Операция «Вечная мерзлота»

Новый Уренгой.


Два слова, напечатанные на девственно-белом картоне авиабилета, смотрели на меня с холодным, безжалостным презрением. Они не просто сообщали пункт назначения. Они выносили приговор. Смертный приговор моим новогодним планам, моей печени, которая уже предвкушала три дня шампанского, и моему здравому смыслу.


Операция «Вечная мерзлота», как я мысленно окрестила это безумие, началась час назад в стерильном пространстве его кабинета. Глеб Волков, мой босс, тиран и ходячий фетиш в костюме от Tom Ford, бросил на стол два билета и паспорт. Не мой, свой. Мой, как выяснилось, уже лежал в кармане его идеального пальто, которое он забрал у меня на прошлой неделе под предлогом «оформления срочной визы». Какая виза в Новый Уренгой? Виза в ад?


– Лебедева, через два часа вылет. Соберитесь, – его голос, низкий, бархатный, с металлическими нотками, которые заставляли подчиняться даже фикус в углу кабинета, не предполагал возражений.

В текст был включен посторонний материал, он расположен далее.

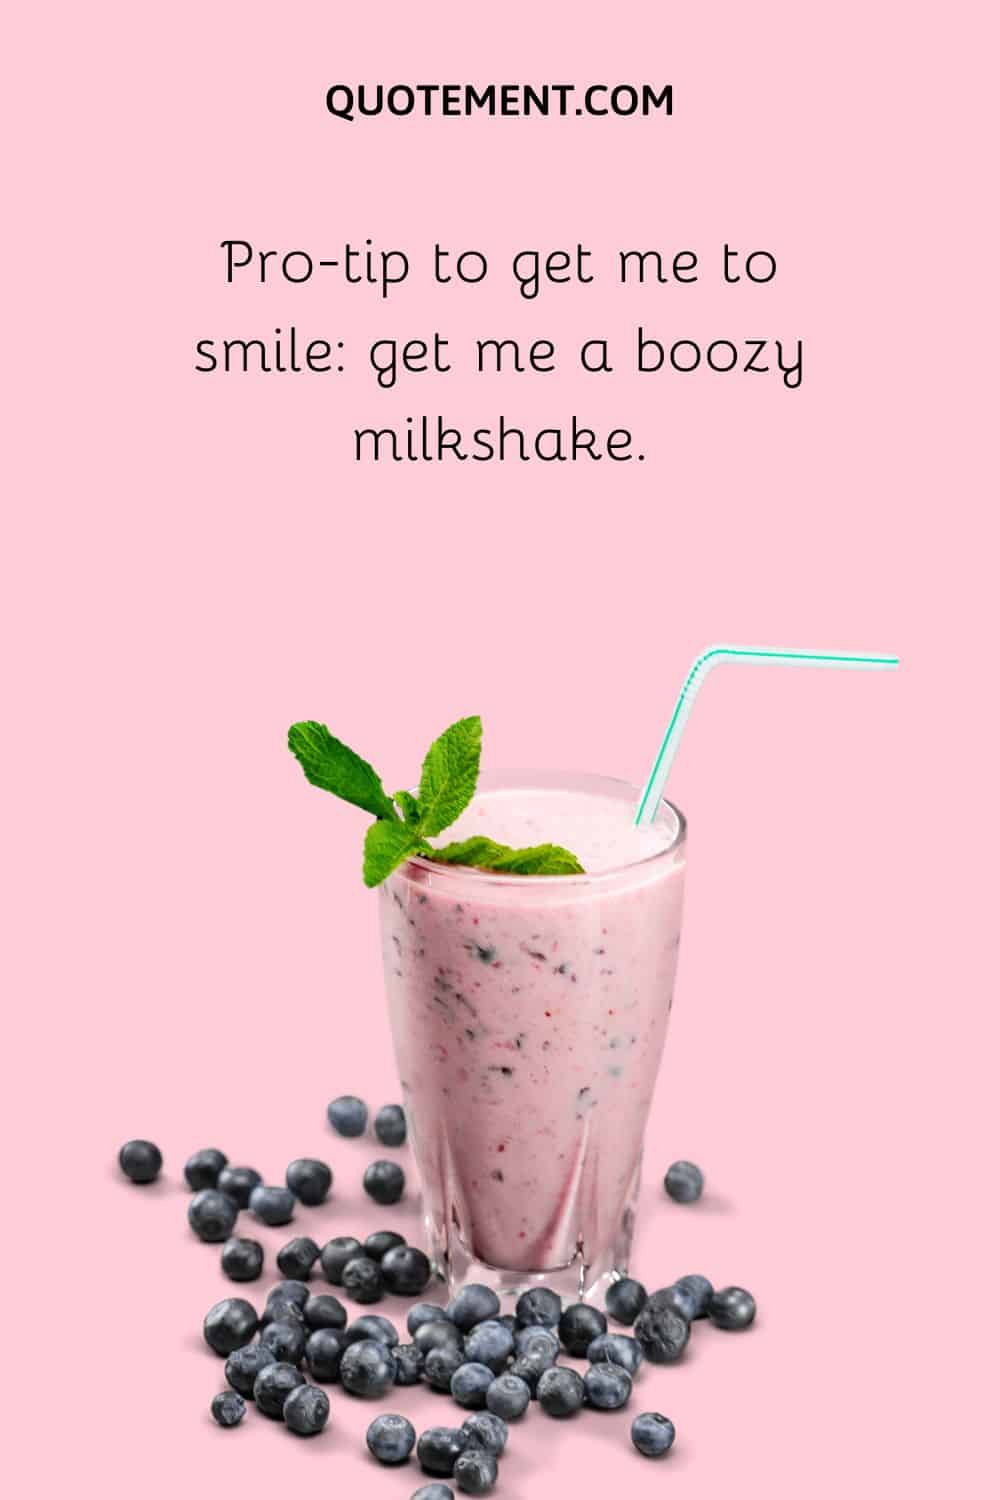 Pro-tip to get me to smile get me a boozy milkshake.
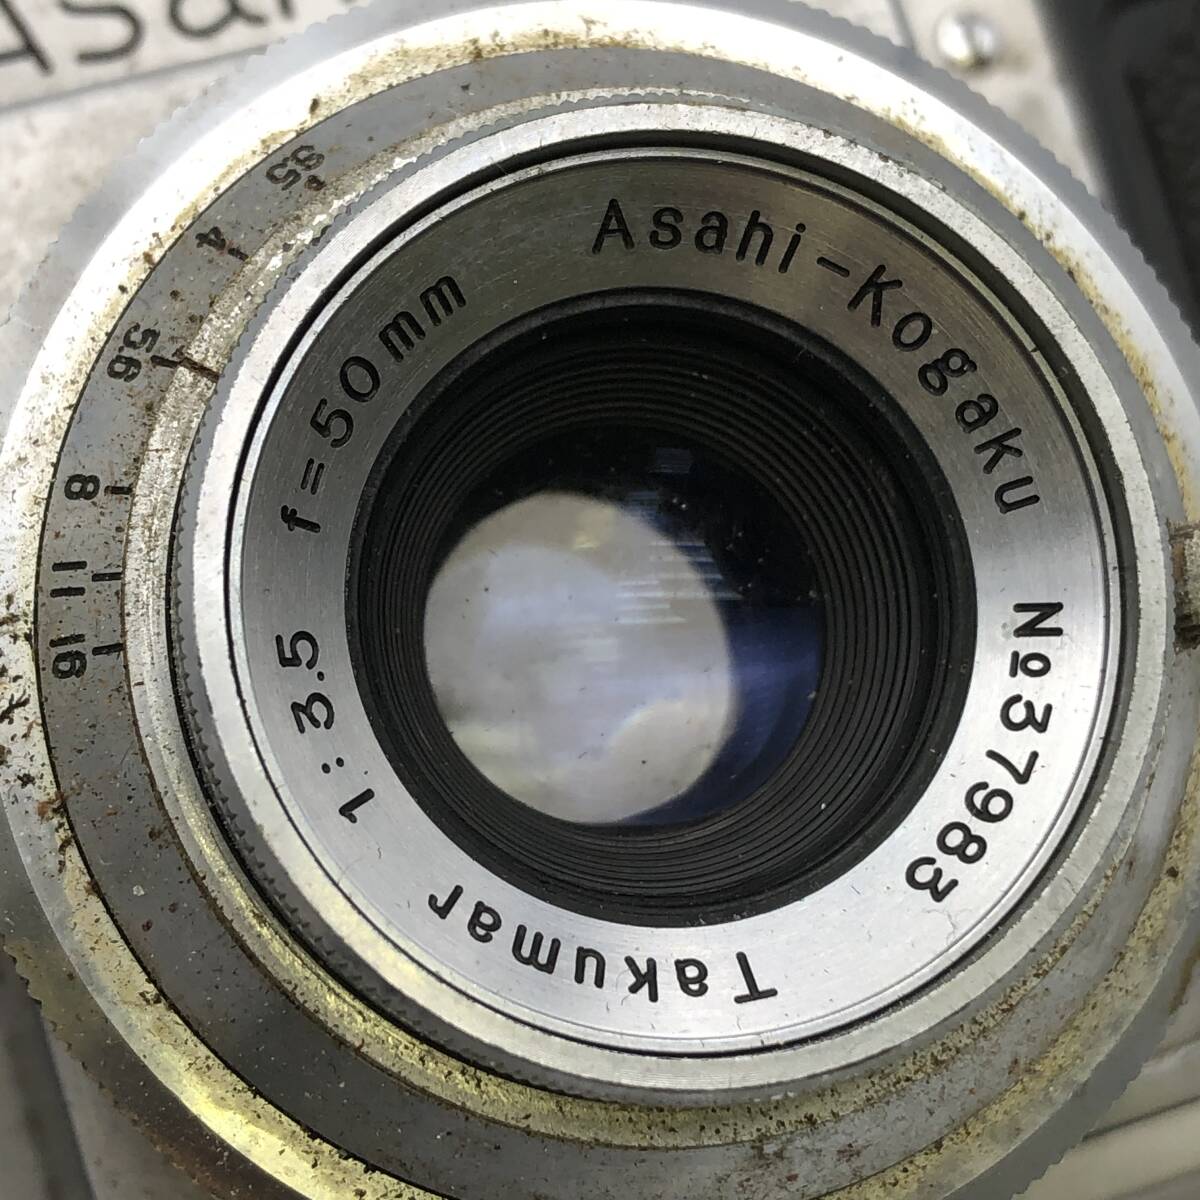 0503-1M☆ Asahiflex Takumar 50mm F3.5 レンズセット 動作未確認 現状品 No.34832 ヴィンテージ 雰囲気系 ジャンクの画像6

– Собраться? – переспросила я, чувствуя, как внутри закипает праведный гнев. – Глеб Андреевич, сегодня двадцать девятое декабря. У меня куплены билеты в Прагу. У меня забронирован отель с видом на Карлов мост. У меня запланировано свидание с глинтвейном и полной безответственностью.


Он оторвал взгляд от своего ноутбука. Его глаза, цвета грозового зимнего неба, прошлись по мне так, будто он сканировал отчет с досадными опечатками.


– Сдайте билеты. Отмените отель. С глинтвейном перенесите. На кону сделка с «Газ-Север». Их главный инженер, старовер и мизантроп, согласился встретиться только у себя в охотничьей заимке. Завтра. Так что мы летим.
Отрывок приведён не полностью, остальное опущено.